TASK REQUIREMENTS ▸ Return the data that follows exactly as it appears. Pictures do not belong in the copy.

INPUT DATA ▸
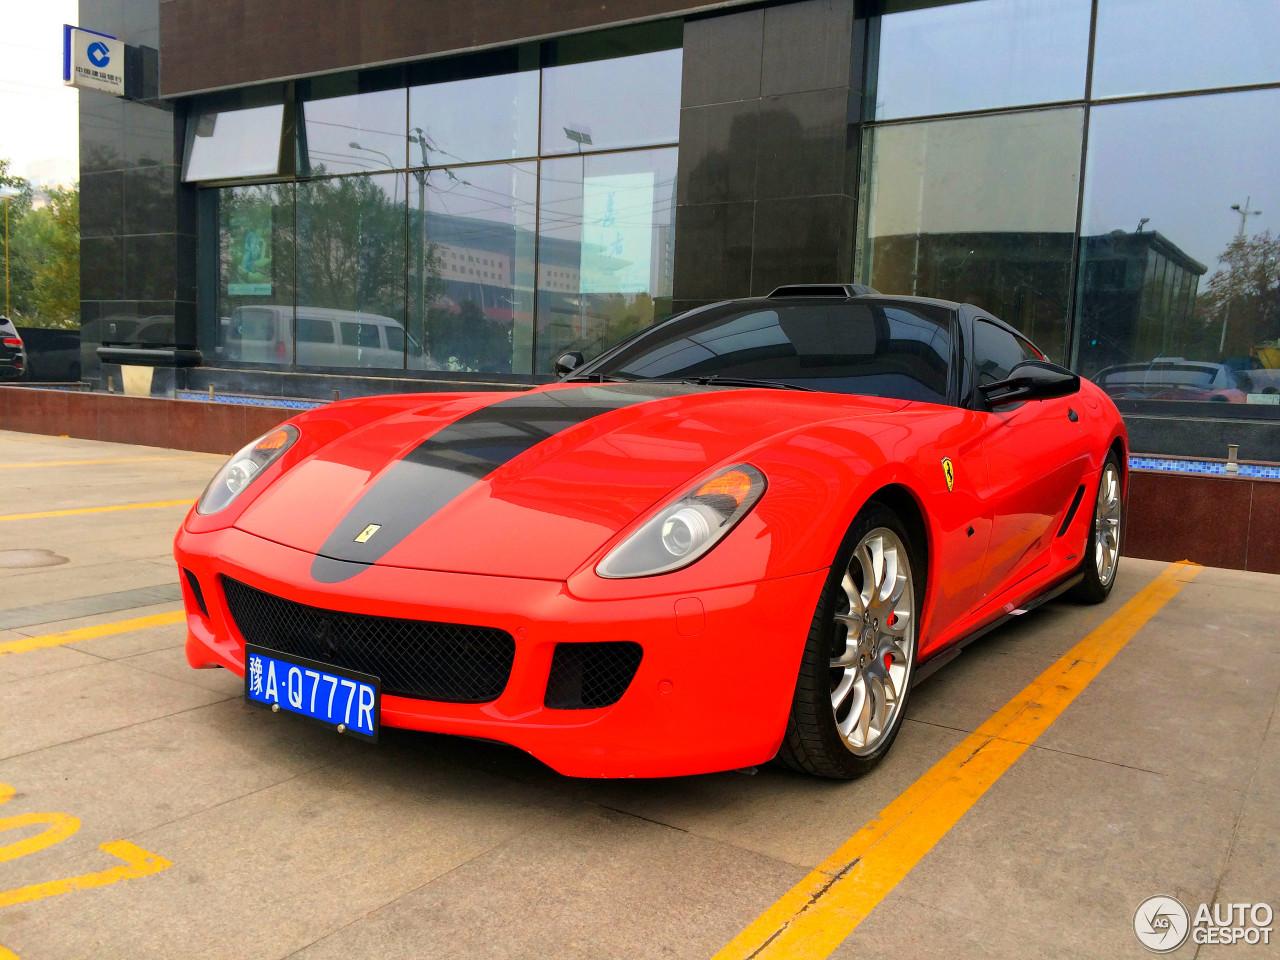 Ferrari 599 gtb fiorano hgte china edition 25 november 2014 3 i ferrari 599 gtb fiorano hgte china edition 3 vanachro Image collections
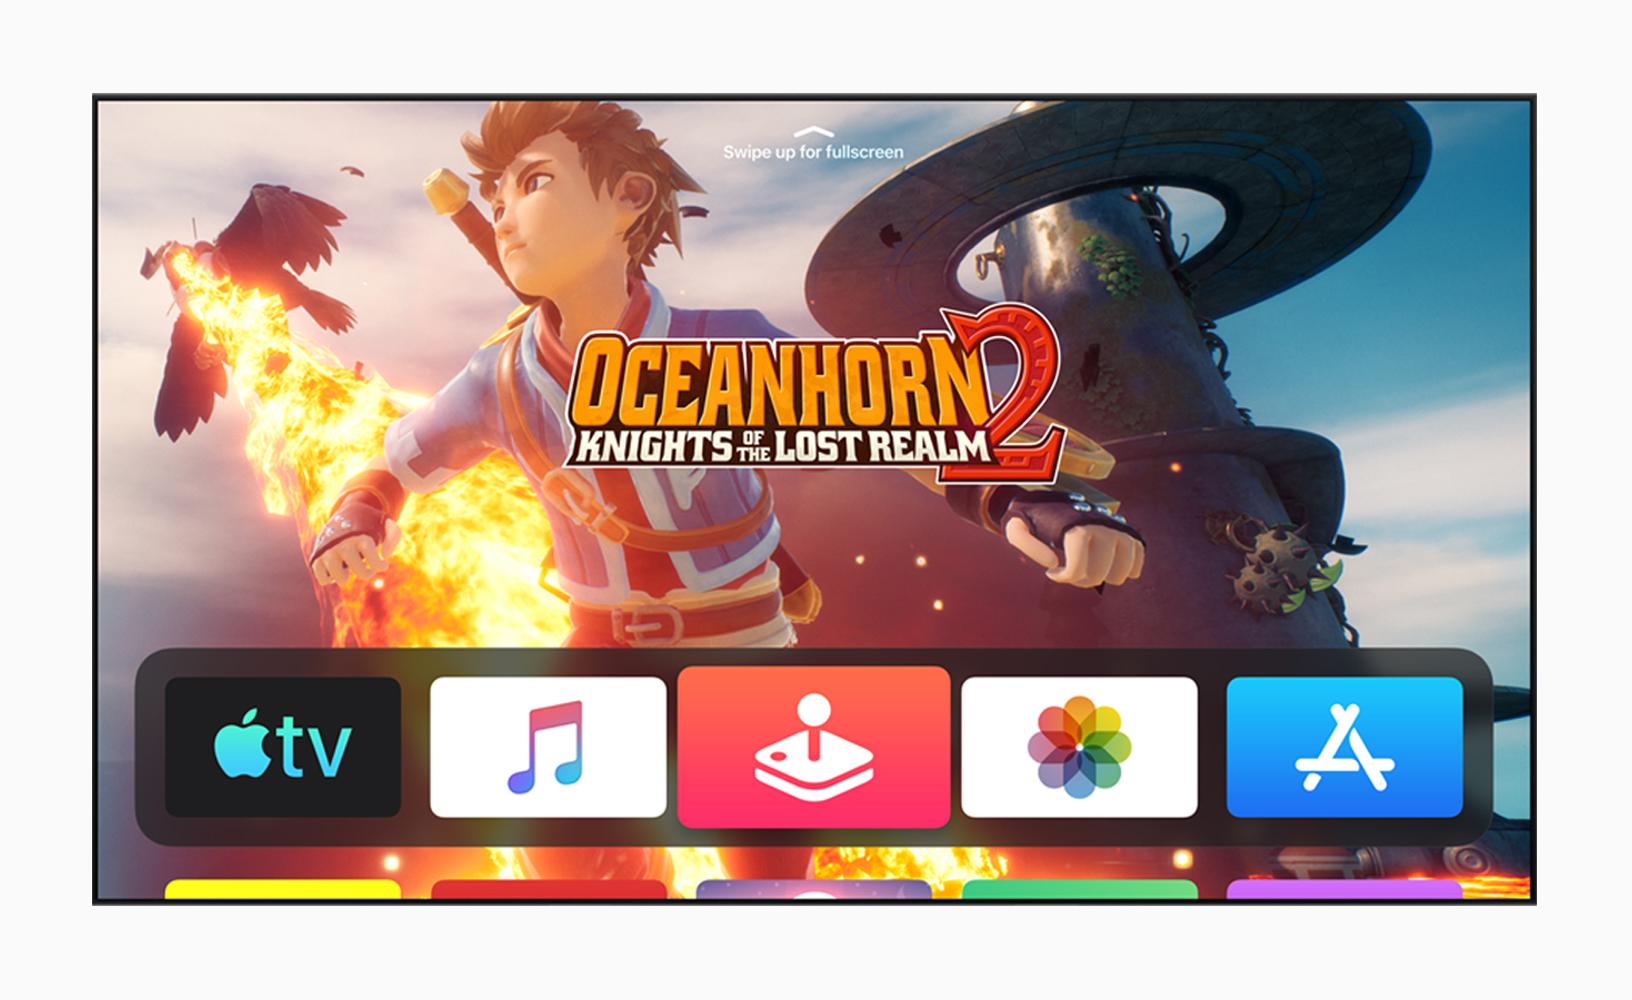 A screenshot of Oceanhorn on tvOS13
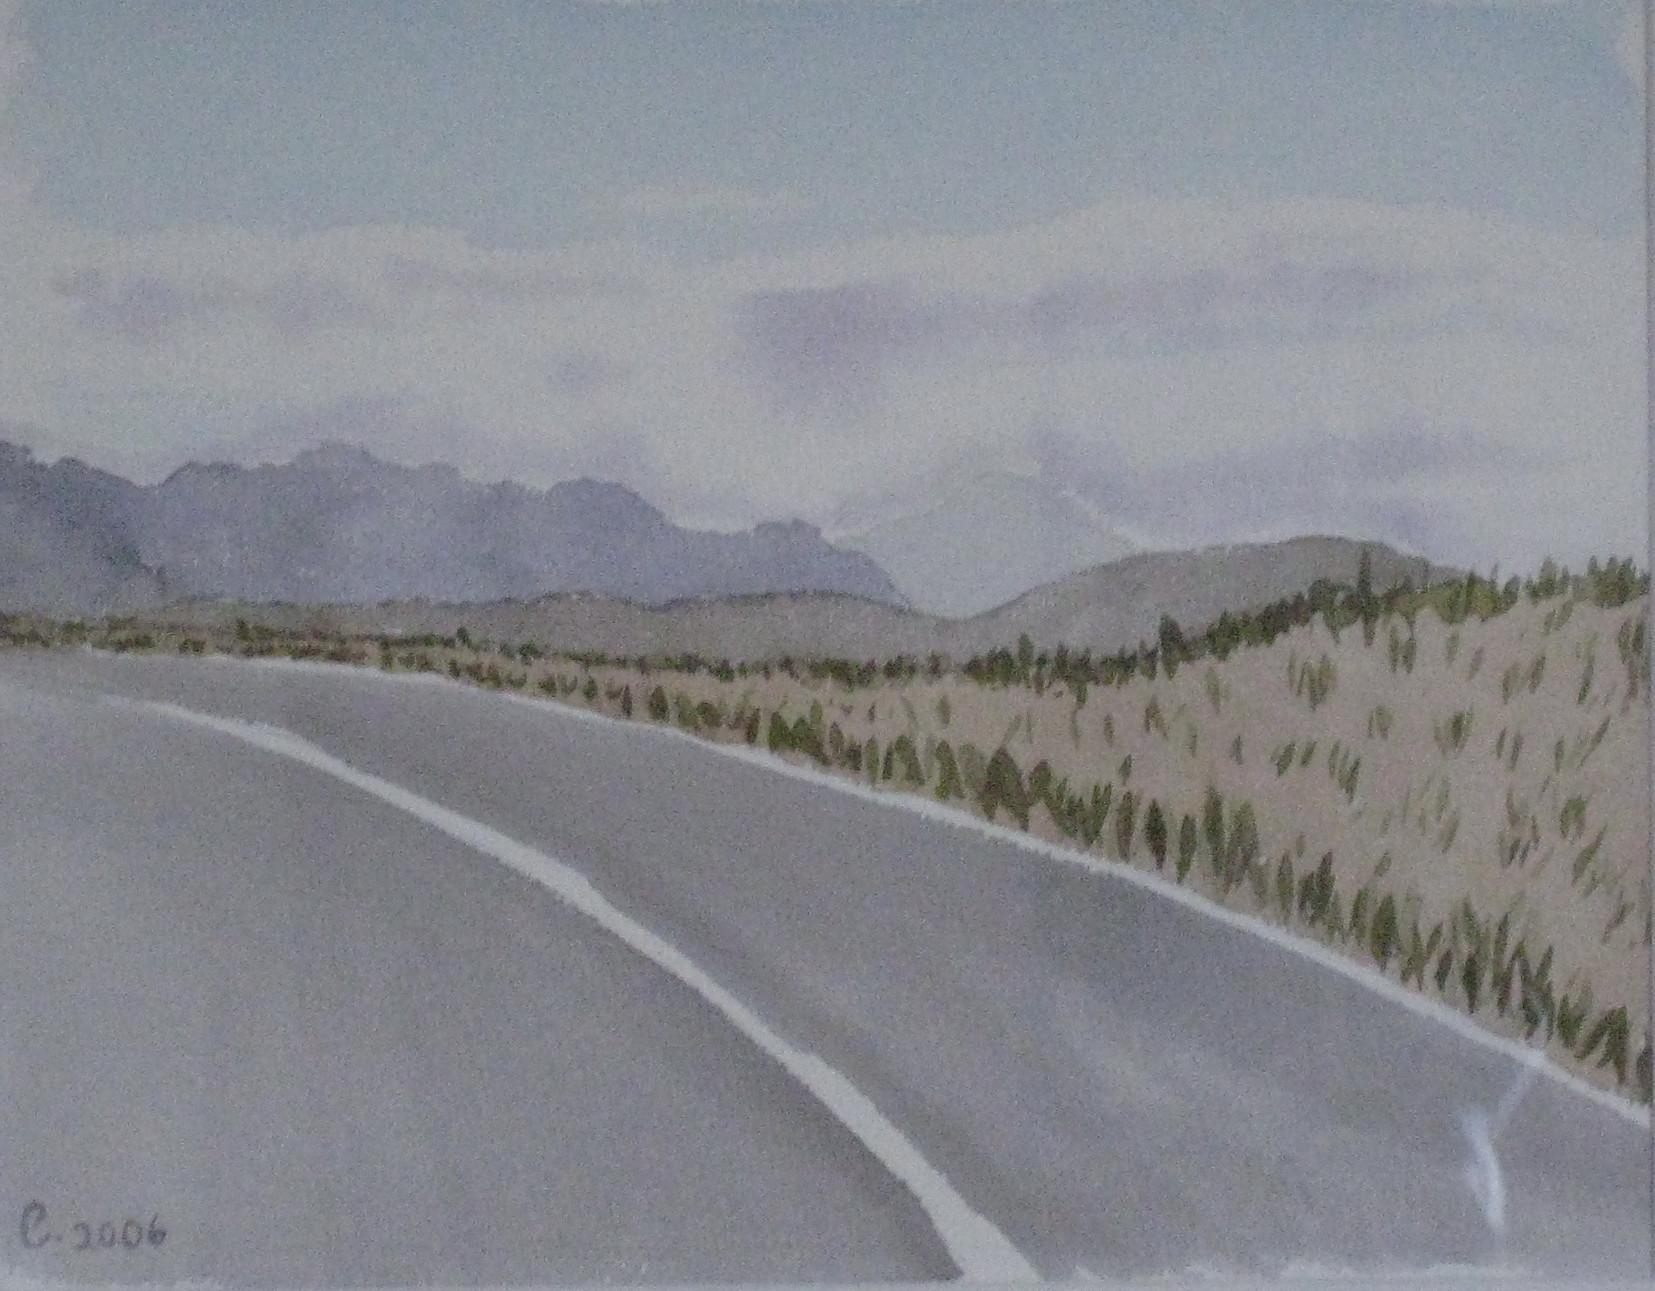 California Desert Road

SOLUTION TO THE PROBLEM ▸
 Ferrari 599 gtb fiorano hgte china edition 25 november 2014 3 i ferrari 599 gtb fiorano hgte china edition 3 vanachro Image collections
 A screenshot of Oceanhorn on tvOS13
 California Desert Road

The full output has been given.